Lewiston’s City Council voted March 17 to add an enforceable monetary penalty for burn-ban violations to the city’s master fee schedule, remove library fees from that schedule, and adopt an ordinance allowing the city to automatically adopt burn bans issued by higher authorities.
Mayor (S1) said the city needed a fine "for the burn ban, so that it's enforceable without a fine," arguing that without a listed penalty there were no local repercussions for violations. After council discussion about appropriate amounts — members referenced a wide range of existing penalties in other places and the cost of calling out a fire engine — Council member (S6) moved “I make a motion we apply the $2.50 $250 fine for violations of the burn permit, burn code, whatever. Fire restrictions and bans.” The motion was seconded and approved unanimously.
The council also voted unanimously to remove library fees from the city master fee schedule. Council member (S3) said library fees belong to the library board, a separate governing body that can change fees itself, and moved to remove those fees from the city schedule. The motion carried.

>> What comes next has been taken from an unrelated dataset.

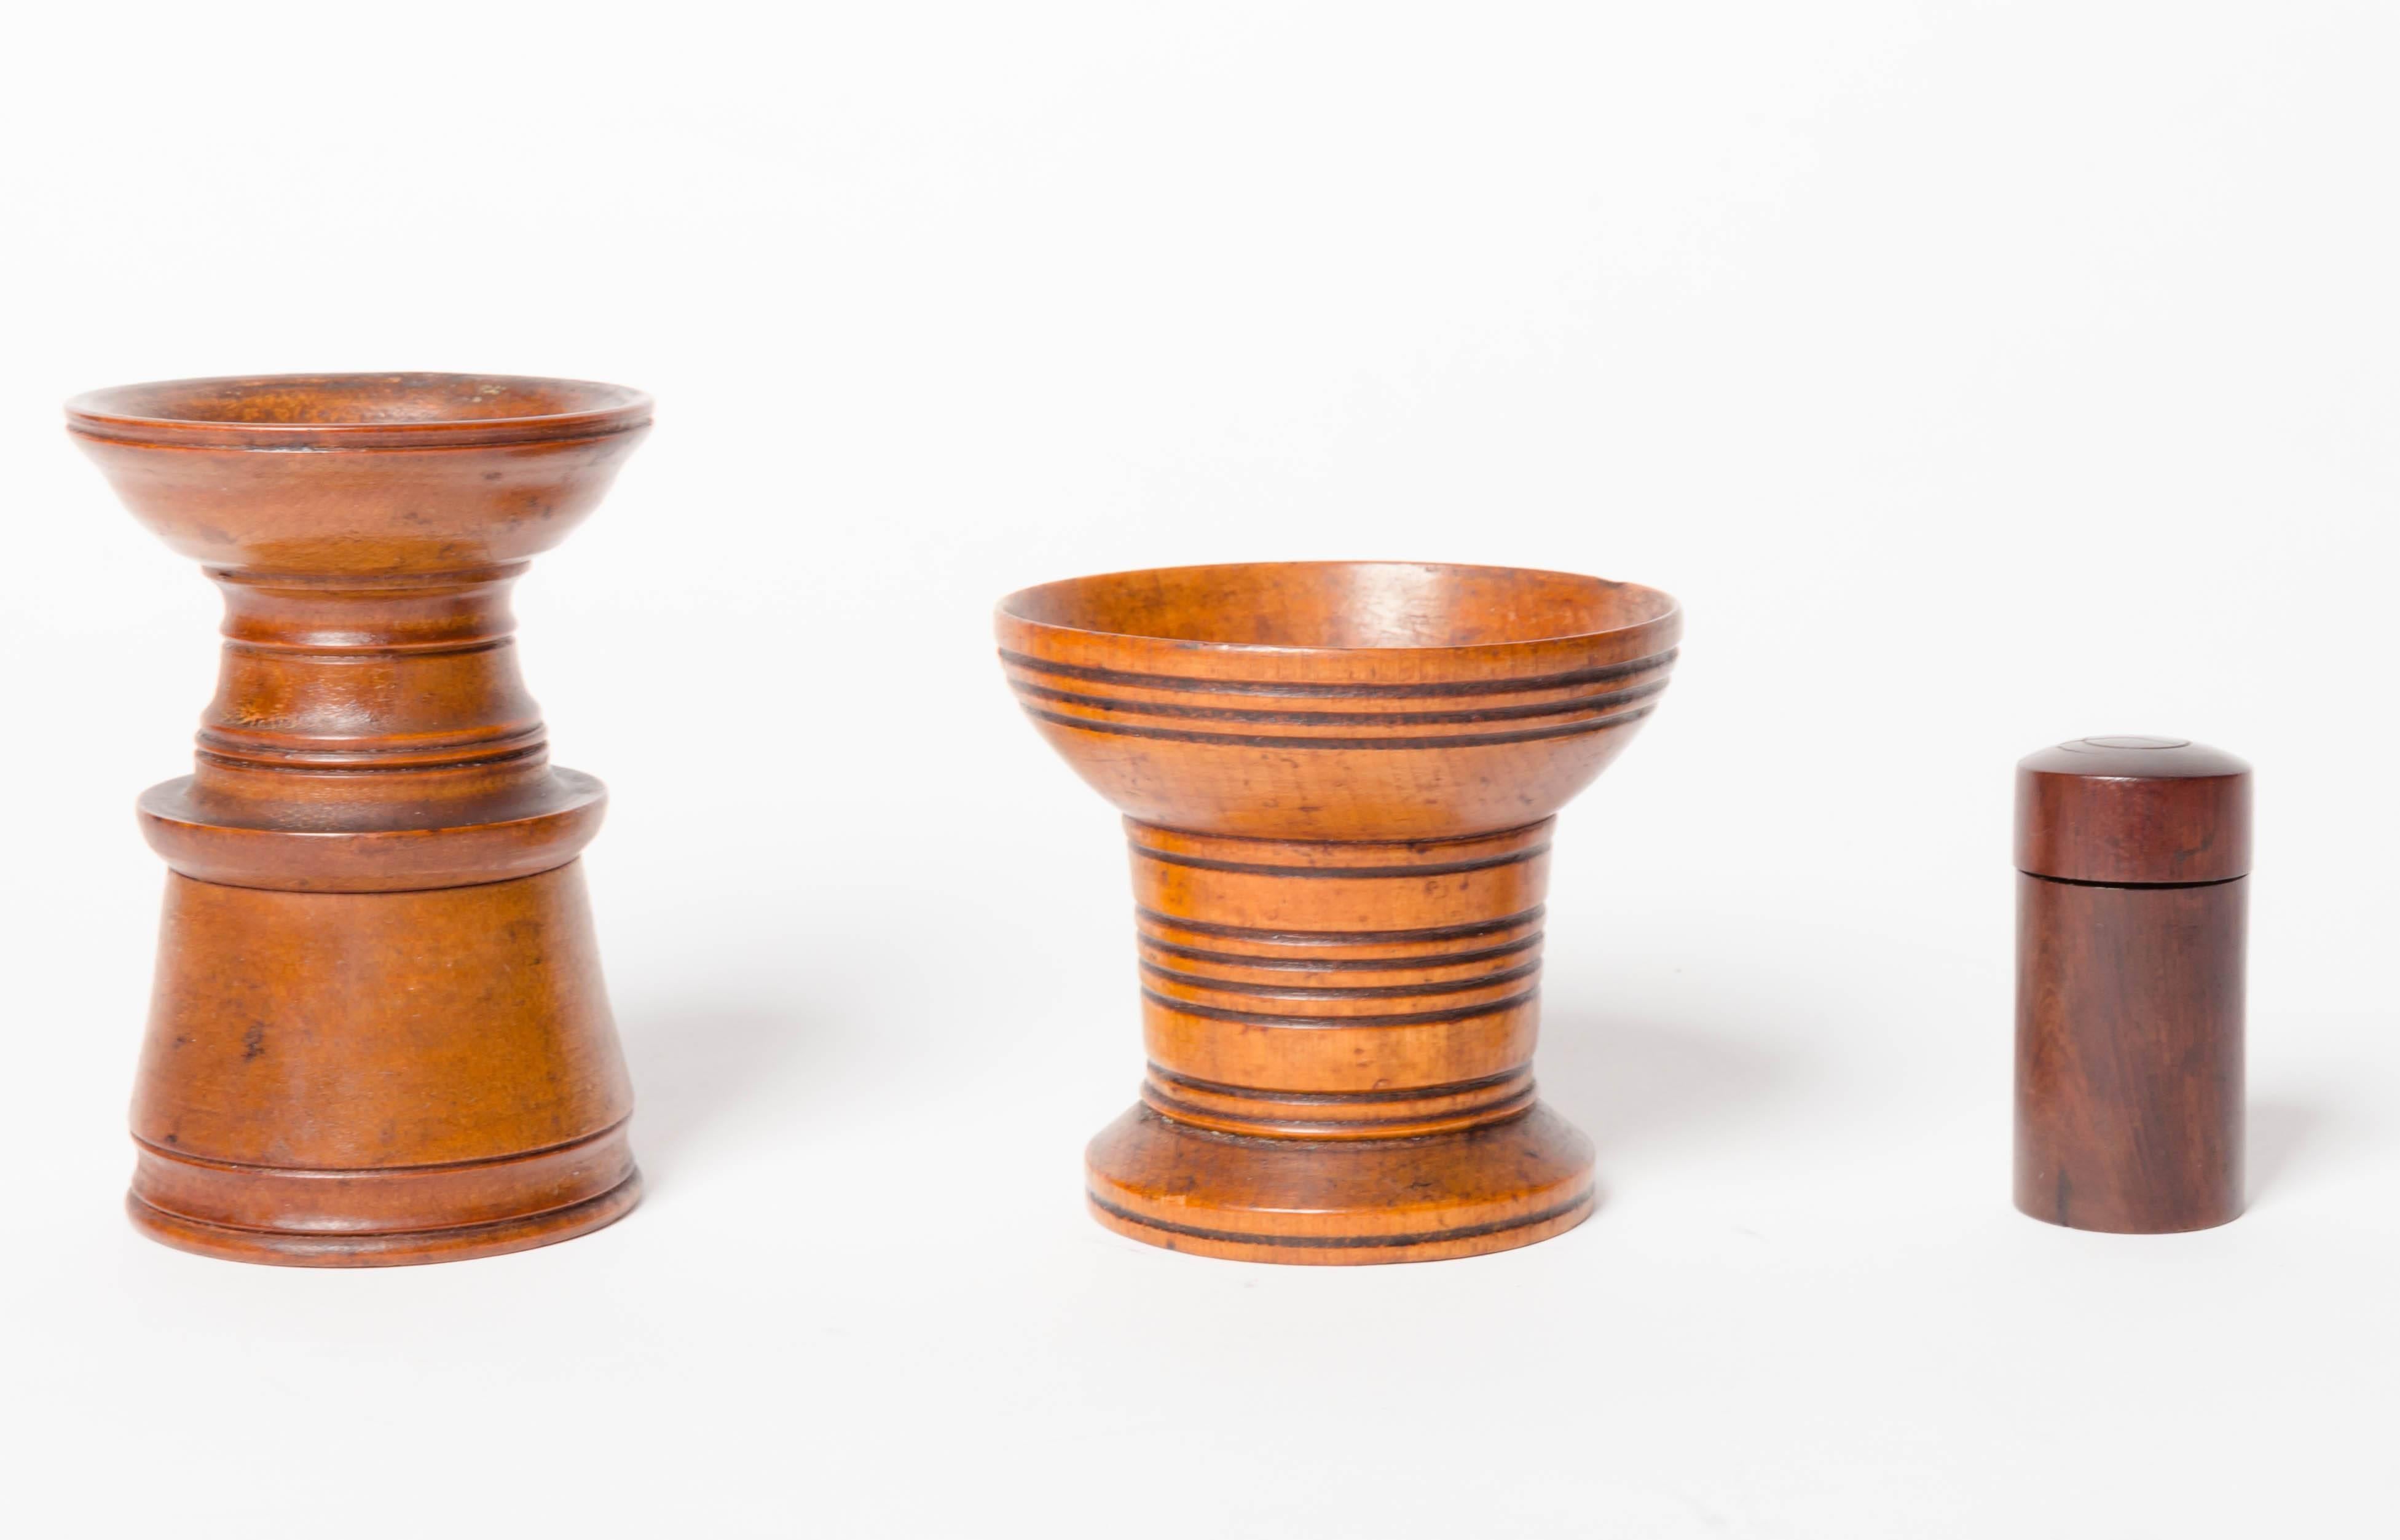 19th century English Treen collection. Consisting of two boxwood pounce pots (ink blotting shaker) and rosewood glass lined inkwell with screw cap. The pounce pots are 4

Separately, the council opened and closed a public hearing on ordinance No. 26-01 and then adopted it. The ordinance, as presented by the mayor, "allows the city to automatically adopt any burn bans issued from the county or state or any agency that's authorized inside of the county." The version adopted includes a subsection added since the prior draft (section g) that the mayor described as allowing the fire chief to tailor or remove restrictions that don’t apply locally; the chief must notify the mayor and council of any such changes.
Council also confirmed several appointments. The council voted to place Jason Trexler and Deborah Nelson Williams on the library board and to add Amy Johnson and Jenny Tanner to the events council. Council member (S6) moved to appoint John Westover as vice mayor for the time the mayor will be out of town; that motion carried unanimously.
The ordinance adoption and fee-schedule votes were all passed by unanimous voice vote; minutes record the motions, seconds and that the motions "carried unanimously." No recorded roll-call tallies or names tied to individual aye/no votes were provided in the transcript.
What’s next: the adopted ordinance requires the city to track higher-jurisdiction burn bans and the fire chief to notify the mayor and council of local modifications. The proposed resolution on fundraising/ donation controls discussed during the mayor’s report will return on next month’s agenda for formal council action.